11. Additional Areas of Interest
Massachusetts Credit Reporting Act
The Massachusetts Fair Credit Reporting Act ('MFCRA'), §§50-68 of the Regulation of Trade and Certain Enterprises (is a state-level counterpart of, the federal Fair Credit Reporting Act of 1970 ('FCRA'), substantially aligning with the same.
It is worth noting that there are two MFCRA provisions that are excepted from certain pre-emption provisions in the FCRA.

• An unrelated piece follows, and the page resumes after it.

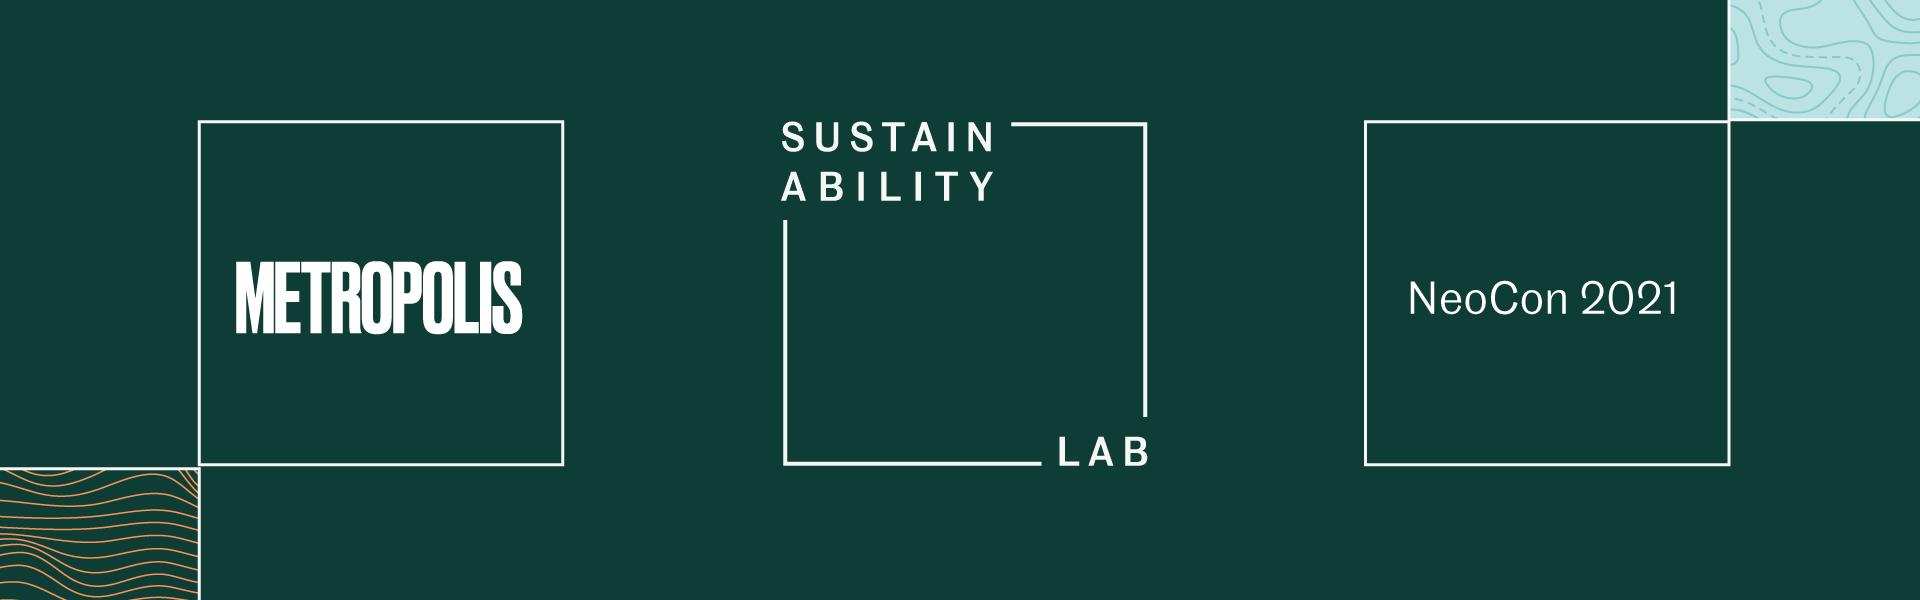 Metropolis Sustainability Lab at NeoCon 2021

First, while §1681t(b)(1)(F) of Title 15 of the United States Code generally pre-empts state laws with respect to any subject matter regulated under the FCRA's provisions regarding the responsibilities of furnishers of information to consumer reporting agencies, there is an express exception for §54A(a) of the MFCRA. That MFCRA provision provides that every person who furnishes information to a consumer reporting agency shall follow reasonable procedures to ensure that the information reported to a consumer reporting agency is accurate and complete and that no person may provide information to a consumer reporting agency if such person knows or has reasonable cause to believe such information is not accurate or complete. Whether the express exception for Section 54A(a) of the MFCRA should also be read as extending to private causes of action brought to enforce Section 54A(a) of the MFCRA under Section 54A(g) of the MFCRA, even though Section 54A(g) of the MFCRA is, unlike Section 54A(a) of the MFCRA, not expressly excepted from the FCRA pre-emption provision, has been the subject of a number of judicial opinions, with conflicting results. Compare Lance v. PNC Bank, N.A., 2015 WL 5437090, *4 (15 September 2015) (holding that claims brought under Section 54A(g) of the MFCRA are pre-empted), with Catanzaro v. Experian Info. Sols., Inc., 671 F. Supp. 2d 256, 261 (D. Mass. 2009) (holding that claims brought under Section 54A(g) of the MFCRA are not pre-empted).
Second, while 15 U.S.C. §1681t(b)(4) generally pre-empted state laws with respect to the frequency of free annual disclosures that nationwide consumer reporting agencies, there is an express exception for §59(d) to (e) of the MFCRA concerning the similar subject matter.